The following Corporate Q&A provides comprehensive and up to date legal information covering:
Whether the personal representatives (PRs) of a deceased shareholder are entitled to exercise the voting and pre-emption rights of that deceased shareholder depends on a number of factors, including the terms of issue of the shares in question, the provisions of the company’s articles of association and the terms of any agreement relating to those shares (eg a shareholders’ agreement).
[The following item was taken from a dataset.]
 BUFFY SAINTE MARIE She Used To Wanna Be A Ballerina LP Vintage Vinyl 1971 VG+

On the death of a shareholder, their shares are transmitted to their PR automatically (ie they are transferred by operation of law, without any instrument of transfer being required), unless the shares are held jointly. Where the shares are held jointly, the interest of the deceased shareholder passes automatically to any remaining joint shareholder, in accordance with the company’s articles (for further information, see Practice Note: Joint shareholders and Q&A: Can personal representatives transfer shares in a company without a grant of probate?).
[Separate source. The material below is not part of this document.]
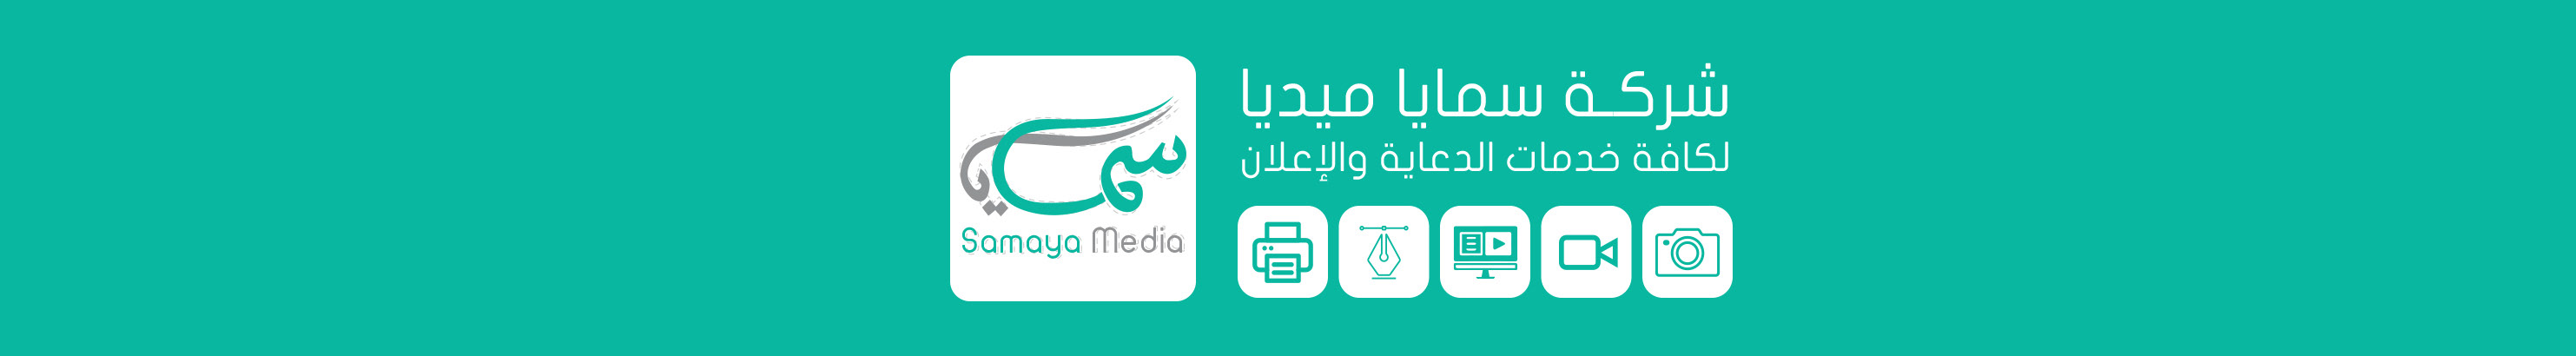 Banner de perfil de samaya media

Therefore, the PR of a deceased shareholder are entitled to the shares of that deceased shareholder so far as the company is concerned, because they have legal title to them—this is the case even when the deceased shareholder has bequeathed their shares to a specific legatee (Roberts v Letter 'T' Estates Ltd). The legal title of a PR cannot be bypassed by the company’s articles purporting on the death of the holder to vest the shares in someone else (Re Greene).